Skipping all pictures, print exactly the lines below from the one with "Dessin en ligne" through the final line.

--- Provided data ---

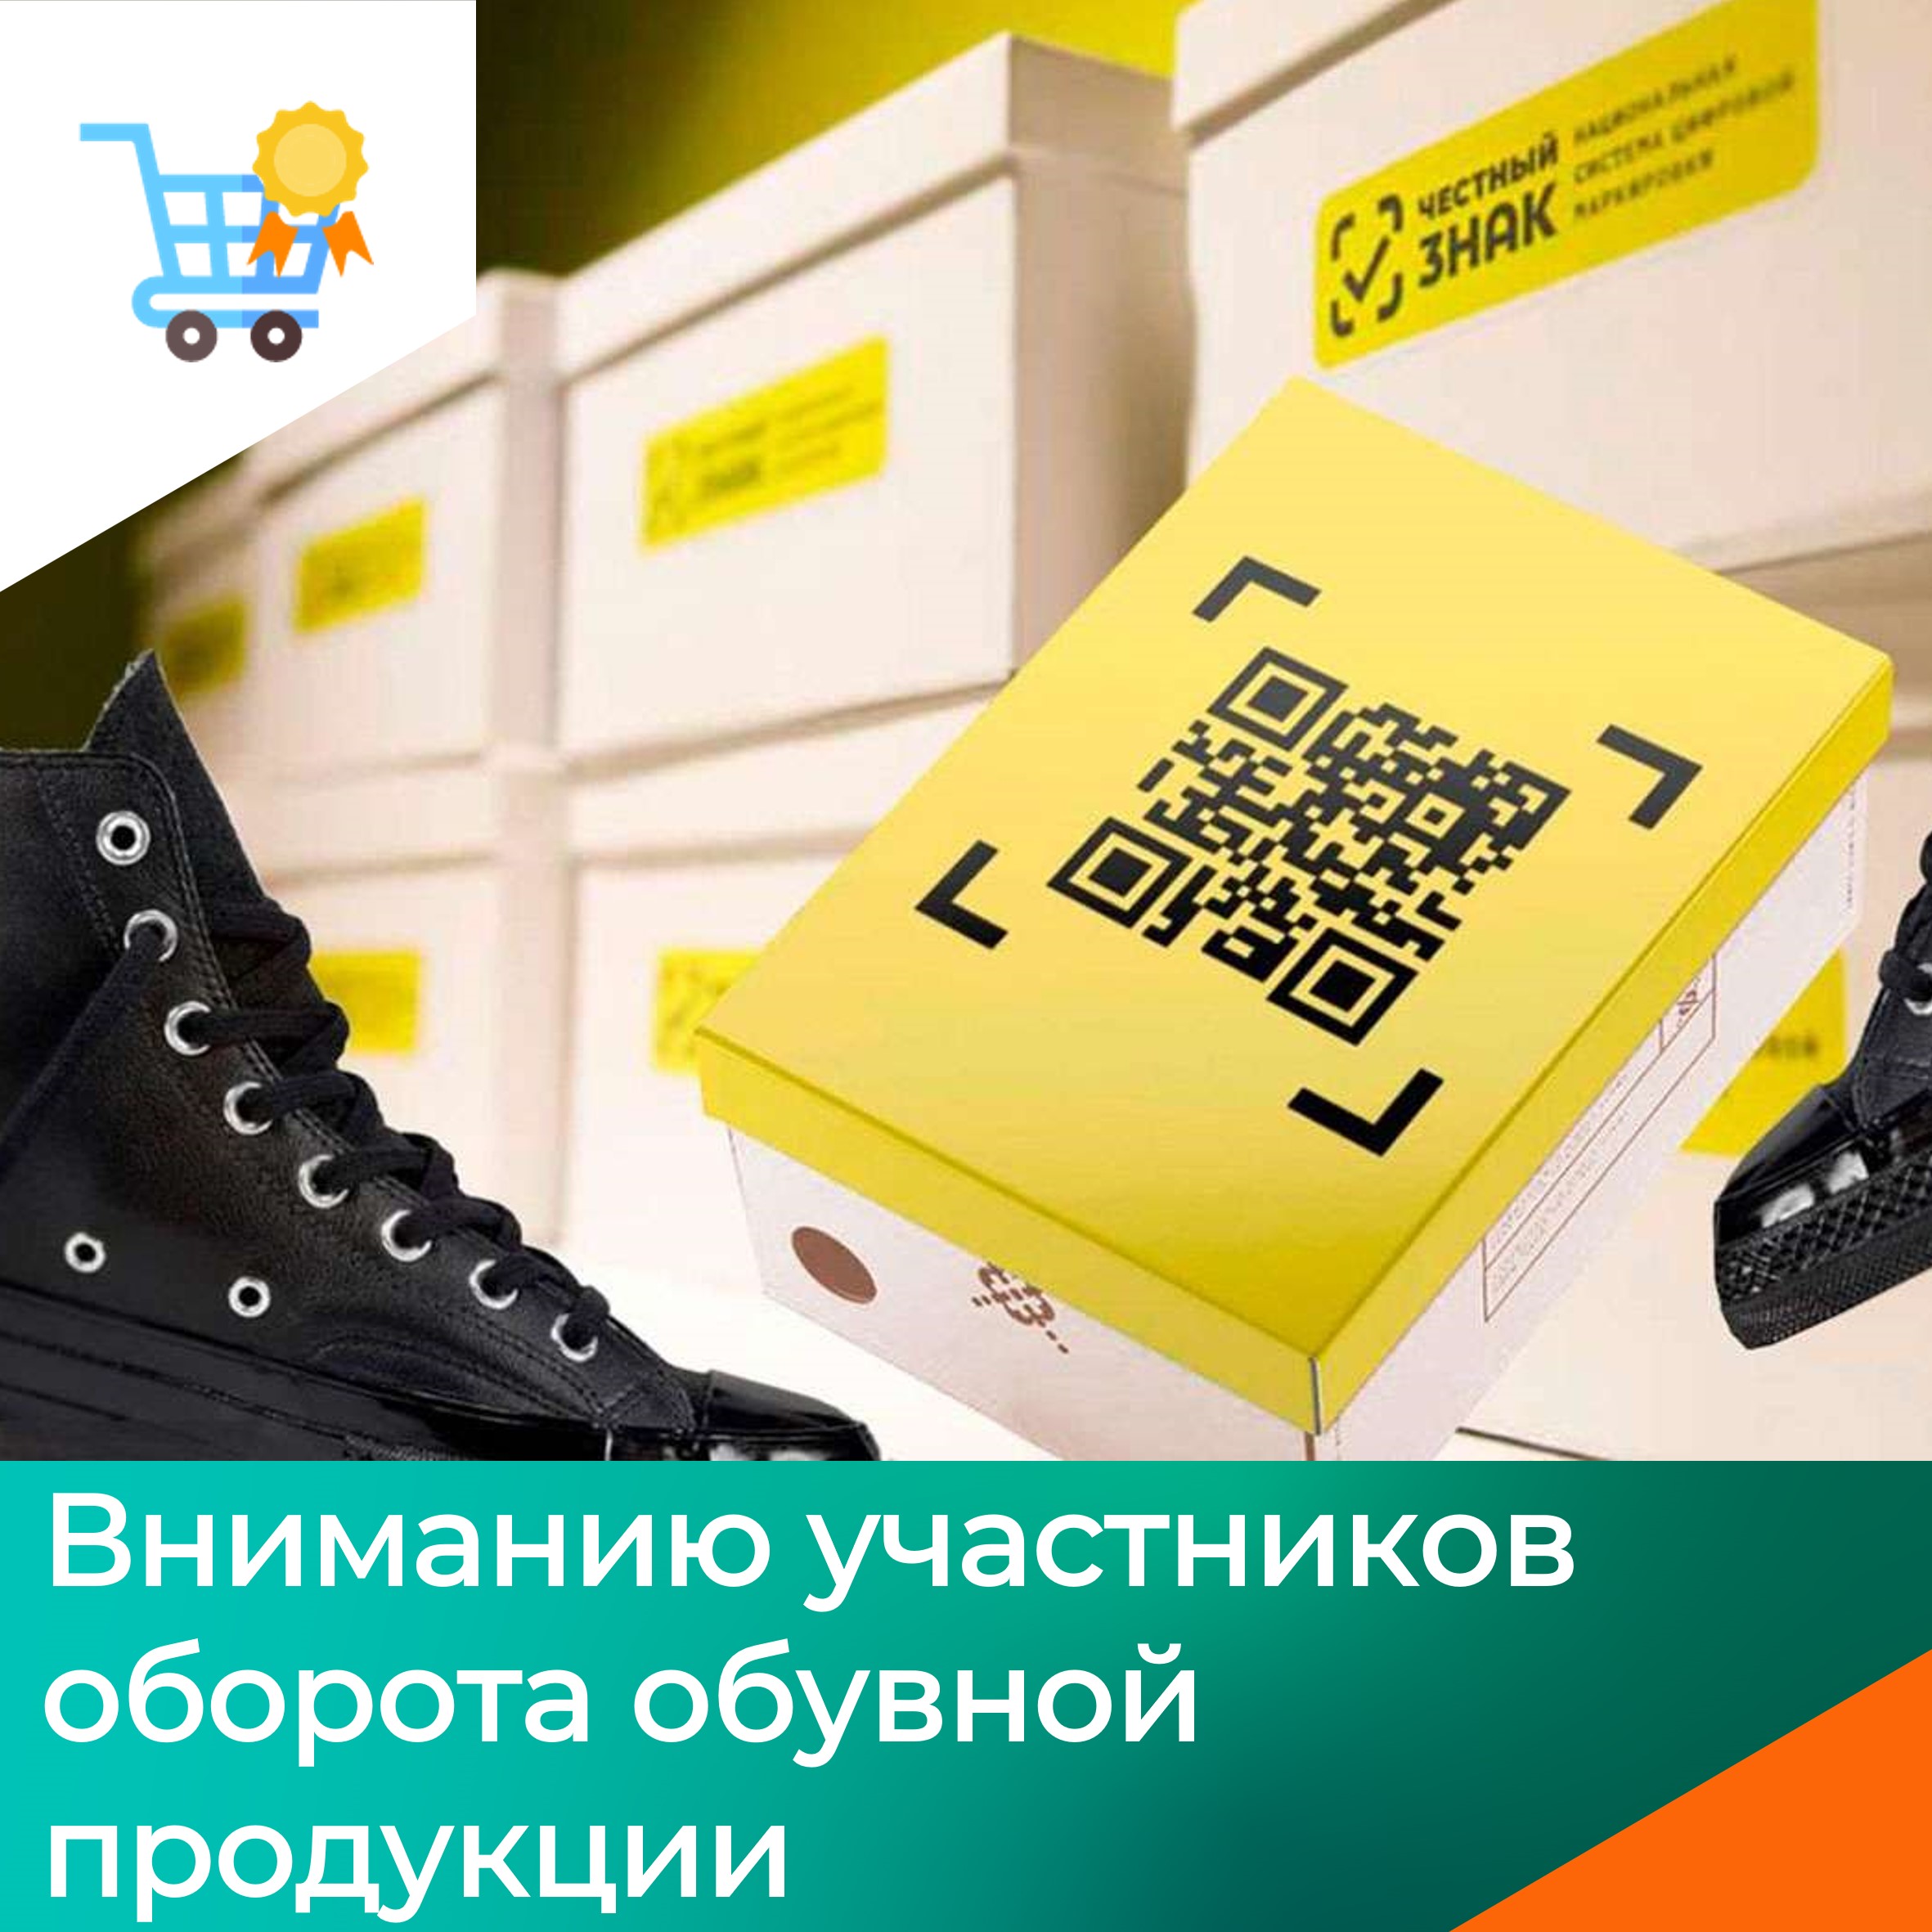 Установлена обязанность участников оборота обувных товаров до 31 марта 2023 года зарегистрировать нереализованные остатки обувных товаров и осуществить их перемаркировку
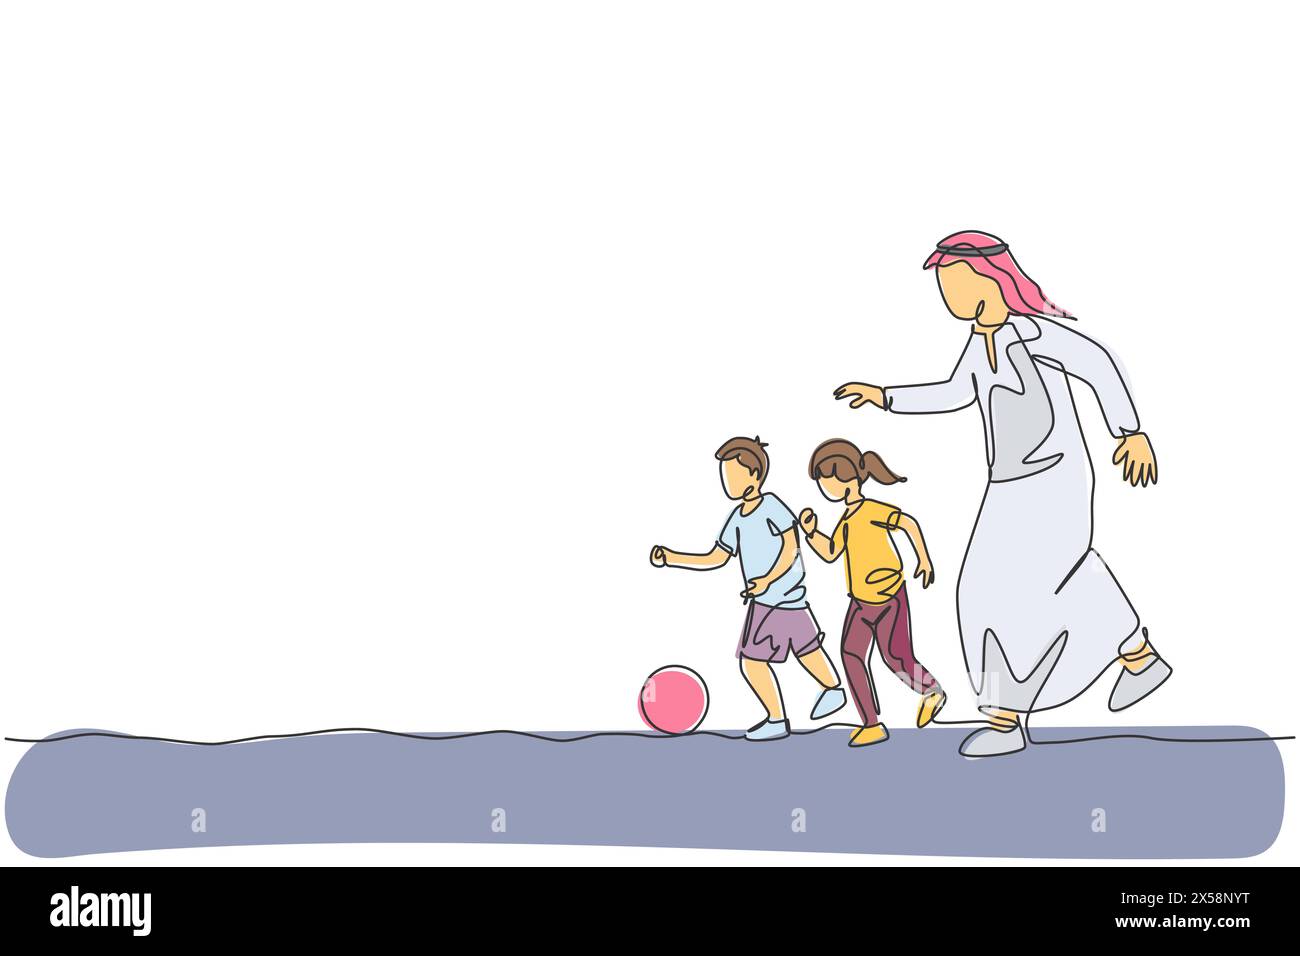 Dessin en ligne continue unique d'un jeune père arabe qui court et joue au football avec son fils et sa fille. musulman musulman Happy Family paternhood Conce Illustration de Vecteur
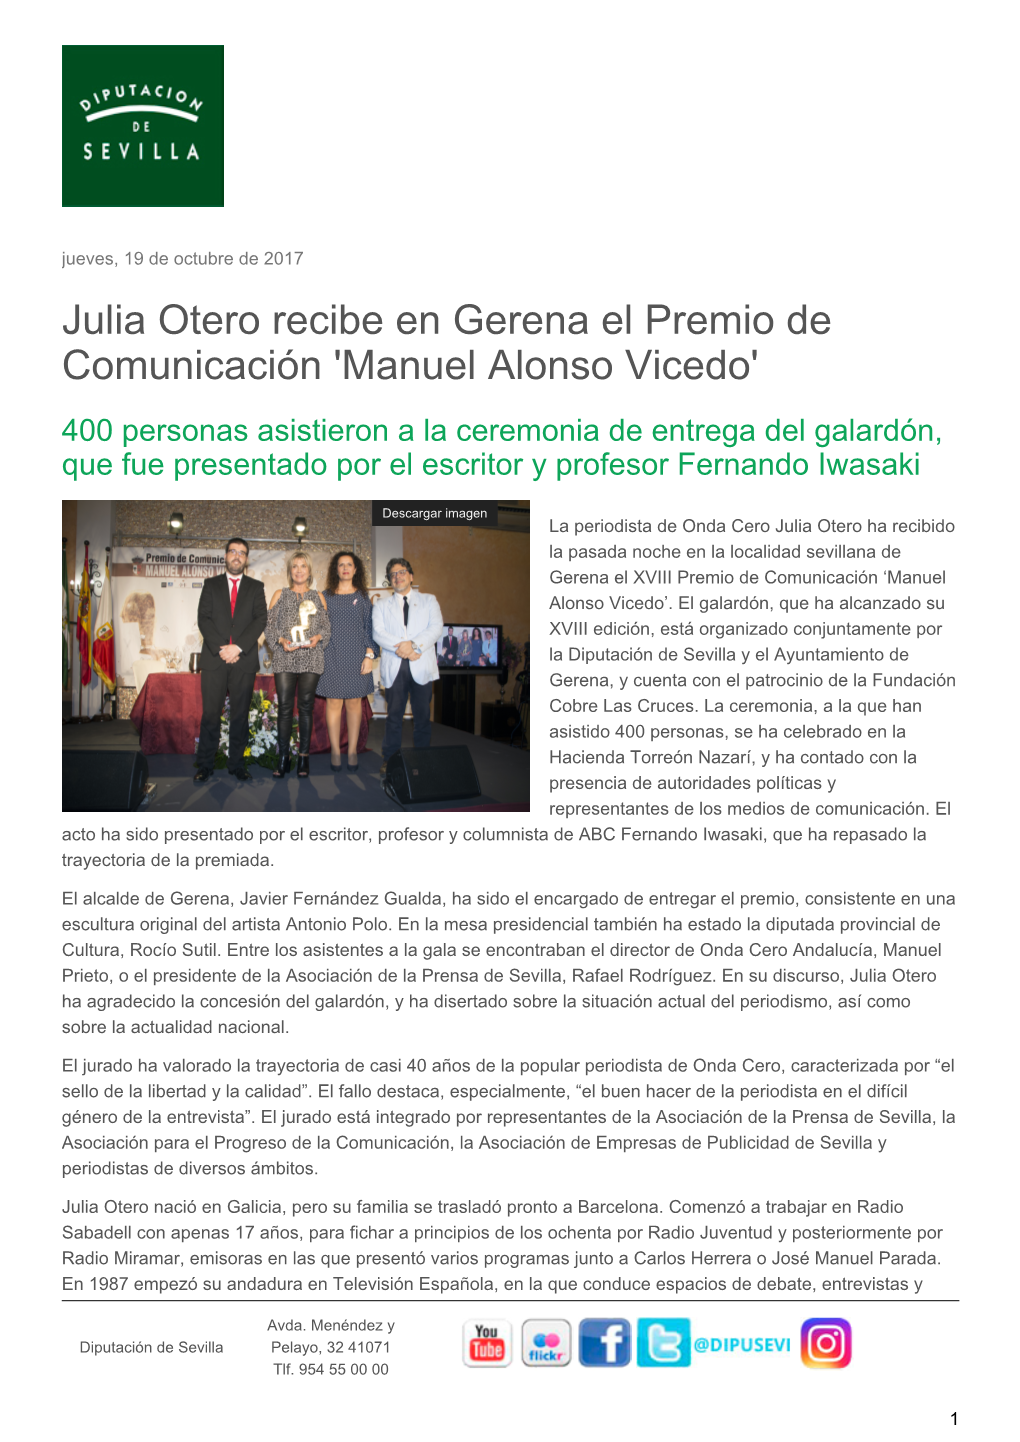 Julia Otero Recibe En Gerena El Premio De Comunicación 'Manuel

---

* _Reply_:
 Dessin en ligne continue unique d'un jeune père arabe qui court et joue au football avec son fils et sa fille. musulman musulman Happy Family paternhood Conce Illustration de Vecteur
 Julia Otero Recibe En Gerena El Premio De Comunicación 'Manuel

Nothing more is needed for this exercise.